要从Excel文件中读取非英语字符,需要读取Marathi语言,然后再将该语言写入XML文件。 当我从Excel中读取此Marathi语言并使用Java代码进行检查时,它恰好显示了Marathi语言,但是当我通过Java代码将其编写为XML时,在阅读之后,我得到了一些与该Marathi语言相对应的符号。 所以请建议我如何处理这种情况。 请找到相同的附件代码。
public void excelToXML(String path) {
FileWriter fostream;
PrintWriter out = null;
String strOutputPath = "C:\\Temp\\";
try {
File file = new File(path);
InputStream inputStream = new FileInputStream(file);
Workbook wb = WorkbookFactory.create(inputStream);
List<String> sheetNames = new ArrayList<String>();
for (int i = 0; i < wb.getNumberOfSheets(); i++) {
sheetNames.add(wb.getSheetName(i));
}
fostream = new FileWriter(strOutputPath + "\\" + "iTicker" + ".xml");
out = new PrintWriter(new BufferedWriter(fostream));
// out.println("<?xml version=\"1.0\" encoding=\"UTF-8\"?>");
out.println("<?xml version=\"1.0\" encoding=\"UTF-8\" standalone=\"yes\"?>");
out.println("<root xmlns:xsi=\"http://www.w3.org/3921/XMLSchema-instance\">");
for (String sheetName : sheetNames) {
if(sheetName.equals("Sheet3")){
System.out.println(sheetName);
break;
}
Sheet sheet = wb.getSheet(sheetName);
boolean firstRow = true;
ArrayList<String> myStringArray = new ArrayList<String>();
Iterator<Cell> cells = sheet.getRow(0).cellIterator();
while (cells.hasNext()) {
myStringArray.add(cells.next().toString());
}
for (Row row : sheet) {
if (firstRow == true) {
firstRow = false;
continue;
}
if (!sheetName.equals("Sheet1")) {
out.println("\t<element>");
}
for (int i = 0; i < myStringArray.size(); i++) {
if (row.getCell(i) != null && !(row.getCell(i)).toString().isEmpty()
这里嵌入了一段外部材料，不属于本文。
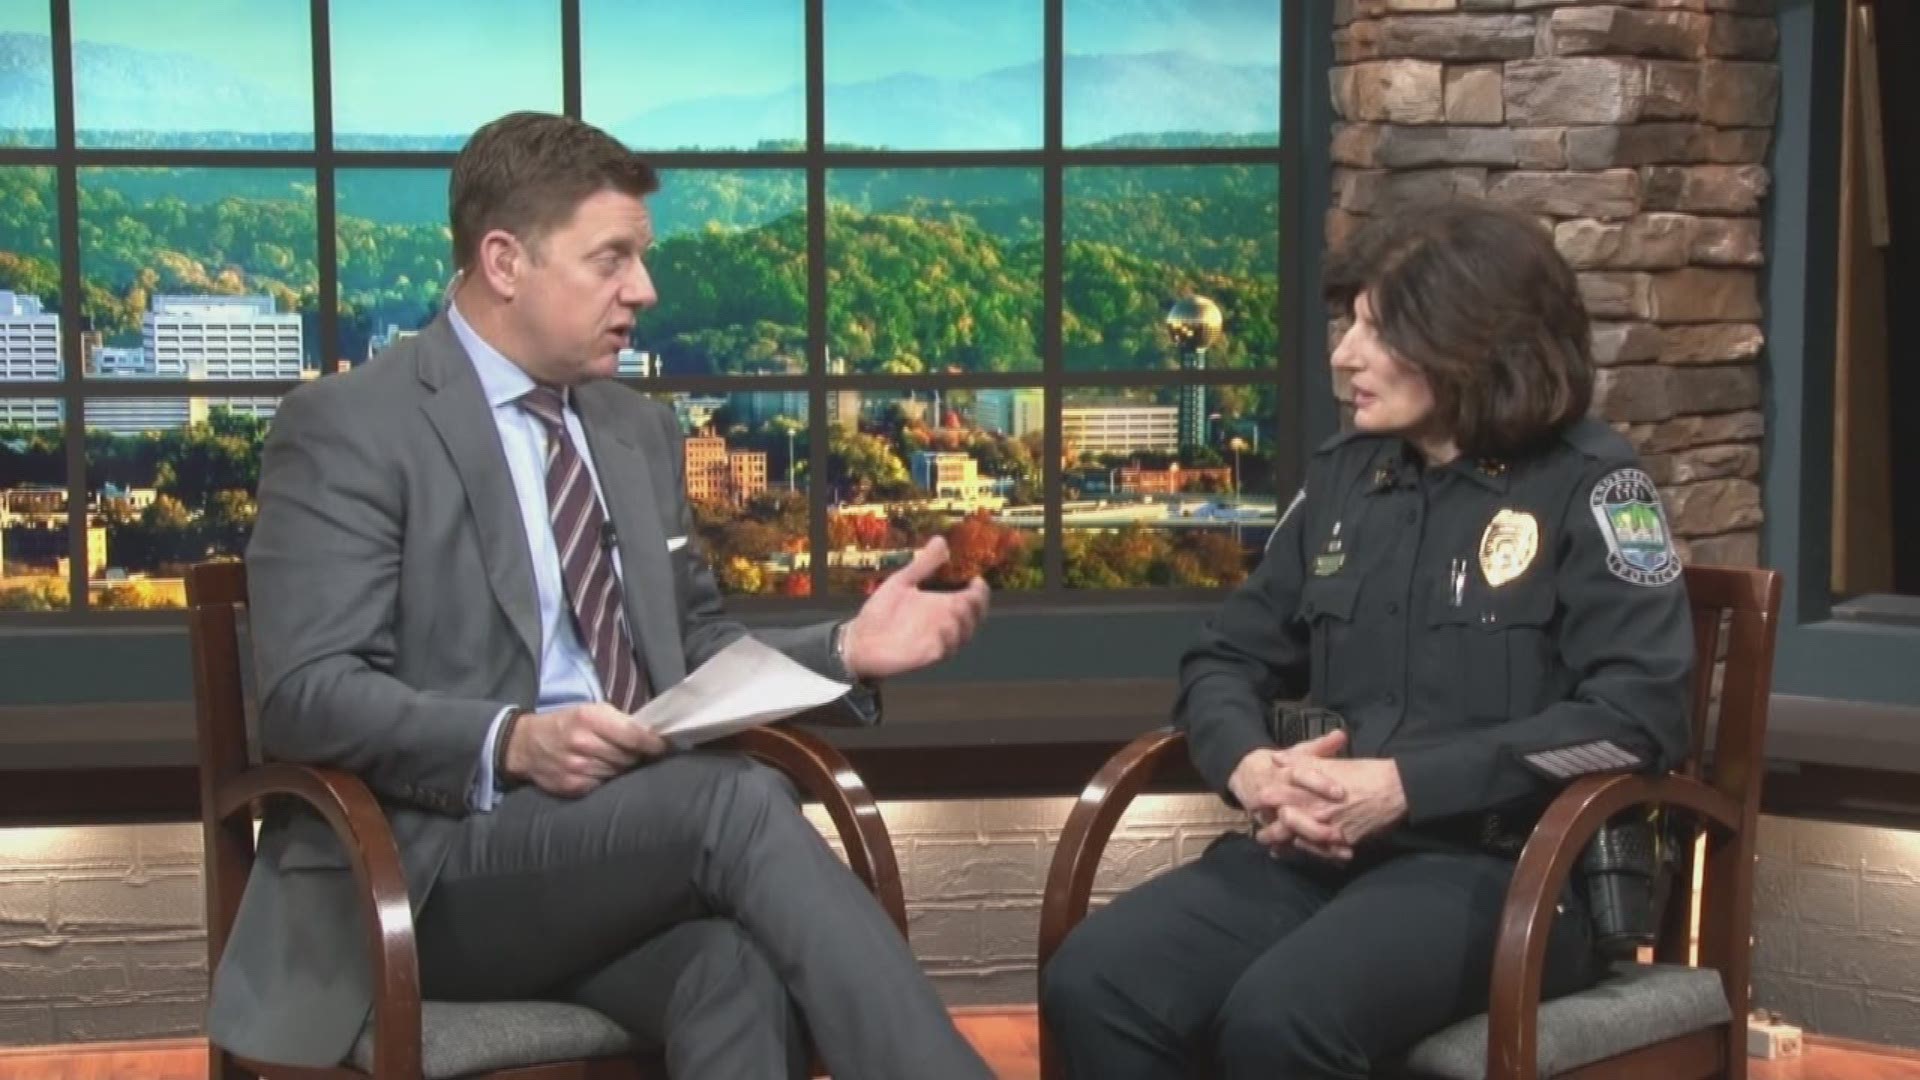 KPD Chief Eve Thomas talks about leading the department.

&& row.getCell(i).toString().length() > 0) {
if(!(myStringArray.get(i) != null && myStringArray.get(i).toString().equals("Start_Epoch_Time") || myStringArray.get(i).toString().equals("End_Epoch_Time"))){
out.println(formatElement("\t\t", myStringArray.get(i), formatCell(row.getCell(i))));
} else{
long ePochValue=EpochConverter.getepochValue(row.getCell(i).toString());
out.println(formatElement("\t\t", myStringArray.get(i), String.valueOf(ePochValue)));
}
} else {
blankValues.add(sheetName +":" + "column header" +":" +myStringArray.get(i)+":"+"row no:"+row.getRowNum()+" " +"is blank.");
}
}
if (!sheetName.equals("Sheet1")) {
out.println("\t</element>");
}
}
}
out.write("</root>");
out.flush();
out.close();
if(blankValues != null && blankValues.size() >0){
FileUploadController.writeErrorLog(blankValues + "Please fill all the mandatory values.");
}
} catch (Exception e) {
new DTHException(e.getMessage());
e.printStackTrace();
}
}
private static String formatCell(Cell cell)
{
if (cell == null) {
return "";
}
switch (cell.getCellType()) {
case Cell.CELL_TYPE_BLANK:
return "";
case Cell.CELL_TYPE_BOOLEAN:
return Boolean.toString(cell.getBooleanCellValue());
case Cell.CELL_TYPE_ERROR:
return "*error*";
case Cell.CELL_TYPE_NUMERIC:
return df.format(cell.getNumericCellValue());
case Cell.CELL_TYPE_STRING:
return cell.getStringCellValue();
default:
return "<unknown value>";
}
}
private static String formatElement(String prefix, String tag, String value) {
StringBuilder sb = new StringBuilder(prefix);
sb.append("<");
sb.append(tag);
if (value != null && value.length() > 0) {
sb.append(">");
sb.append(value);
sb.append("</");
sb.append(tag);
sb.append(">");
} else {
sb.append("/>");
}
return sb.toString();
}
在下面的行中,当检查该row.getCell(i)值时,我获得了确切的Marathi值,但是在写入此值之后,得到了不同的输出。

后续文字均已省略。